49. Group anagrams

What does the problem want?

As a step up from determining if two strings are an anagram, this time we want to separate a list of strings into groups of anagrams.

Brainstorm ideas

One thing would be to use a dictionary where we store information of the letters and atore the strings that are anagrams of the collection of letters. So if we have eat, we might have a dictionary entry that looks like {("e","a","t"):["eat"]}. Then if we have tea, it's an anagram of eat, so we have an appended entry to look like {("e","a","t"):["eat", "tea"]}.

Another thing is to make sure that the key we use in our dictionary is universally usable for other strings. If we were to just use ("e","a","t"), we might see problems when comparing it with ("t","e","a"). So making sure that the tuple of letters are sorted before adding to our pool of anagram strings.

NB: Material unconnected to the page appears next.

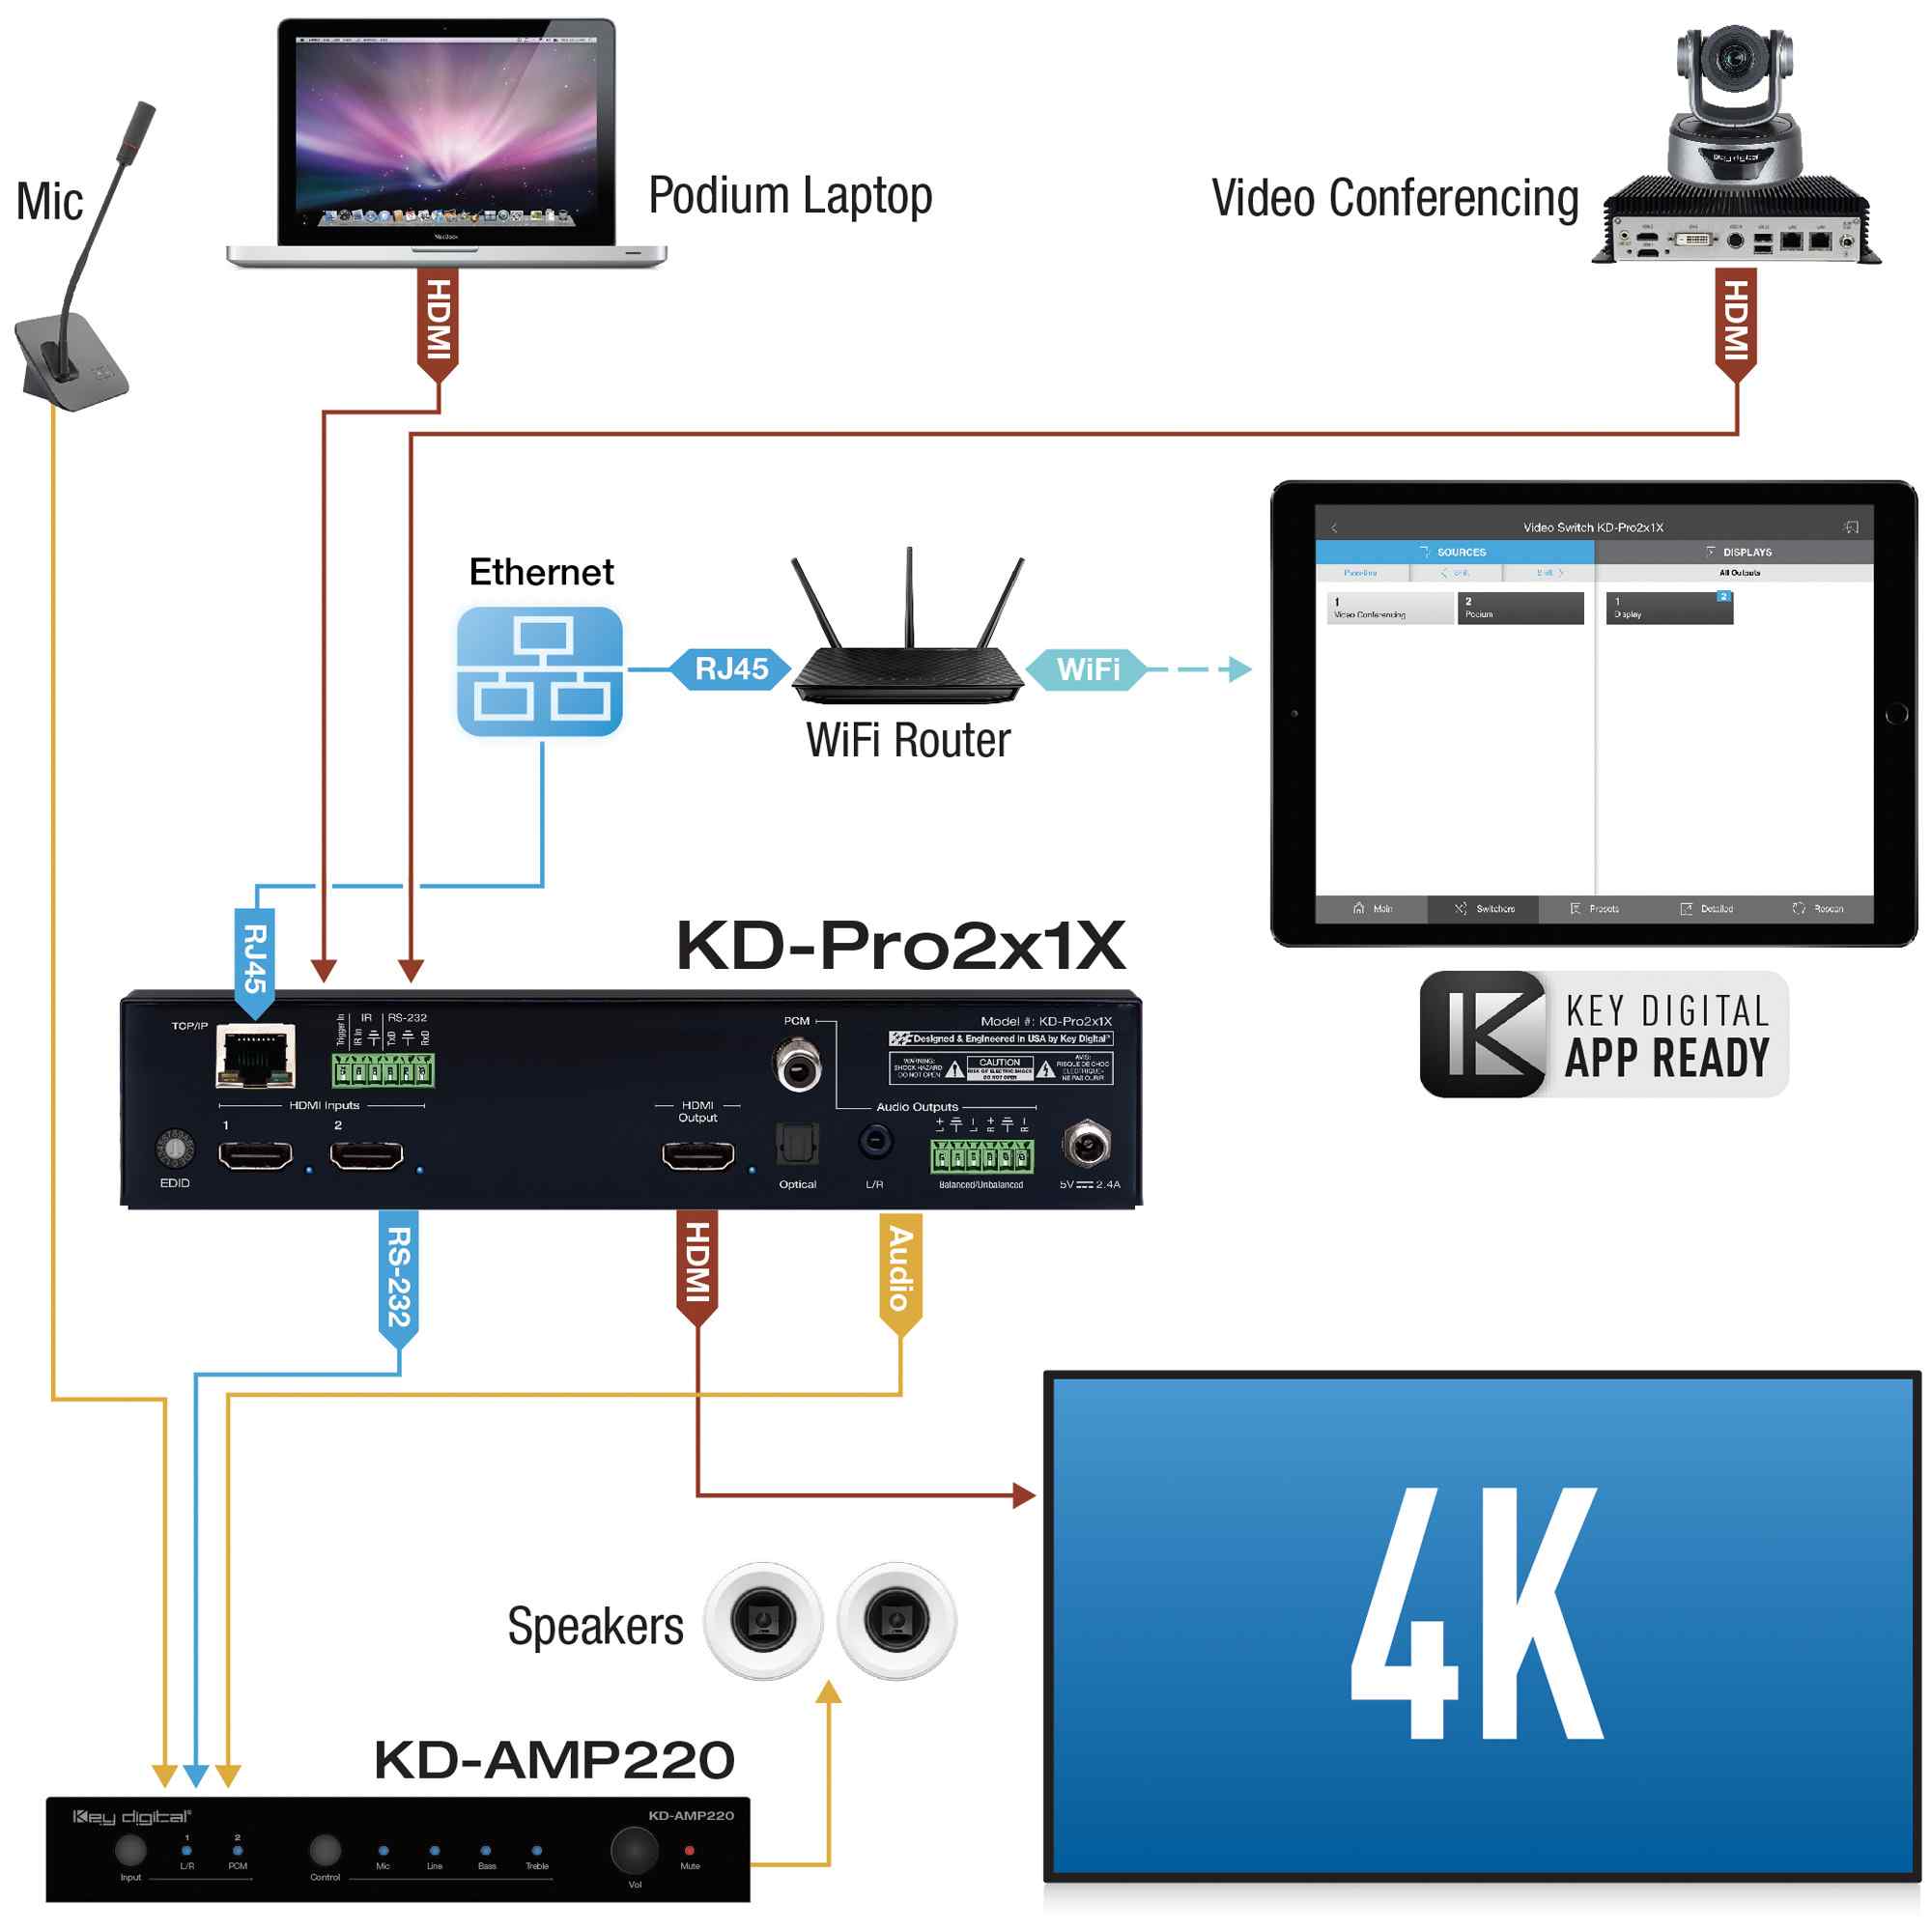 Thumbnail of Key digital Example Diagram 2 port HDMI switch connected to podium laptop, video conferencing cam, and a 4K display 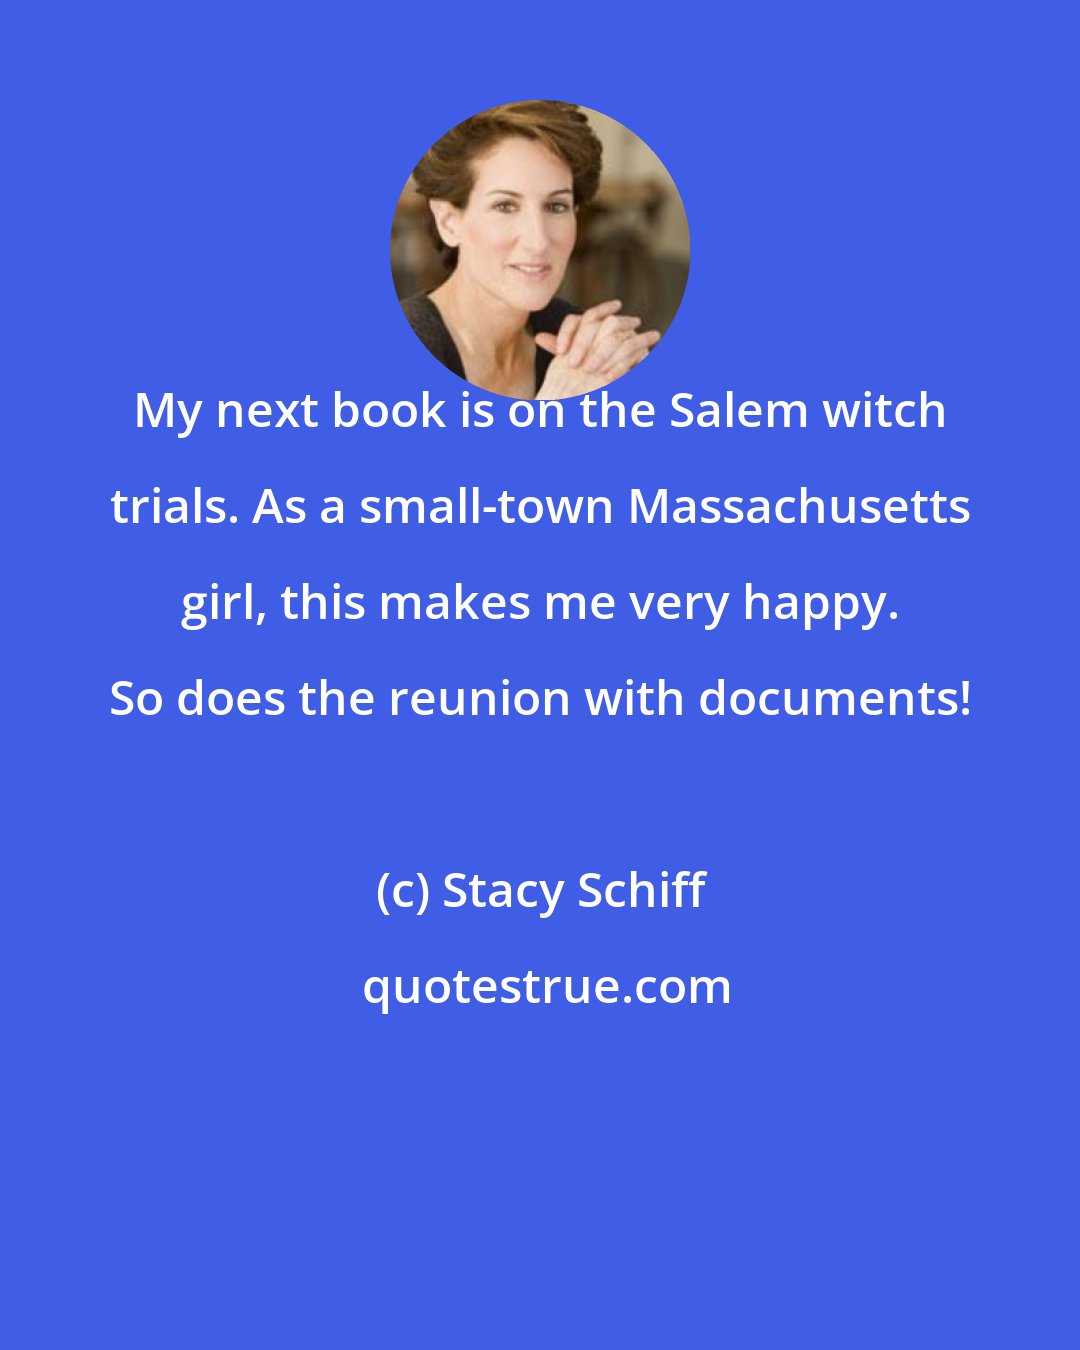 Stacy Schiff: My next book is on the Salem witch trials. As a small-town Massachusetts girl, this makes me very happy. So does the reunion with documents!

Then at the end, we can return a list of all the values in our dictionary.

Solution

def groupAnagrams(self, strs: List[str]) -> List[List[str]]:
    pool = {}
    for string in strs:
        char_pool = tuple(sorted(string))
        if char_pool not in pool:
            pool[char_pool] = [string]
        else:
            pool[char_pool].append(string)
    return list(pool.values())

Time complexity

The time complexity of this solution is around O(n * k log k) where n is the number of strings and k is the sorting of each character count. The O(k log k) exists because the sorted() function in python has a time complexity of O(n log n).

Space complexity

The space complexity for this is O(n * k), mainly for storing the hash maps of our strings.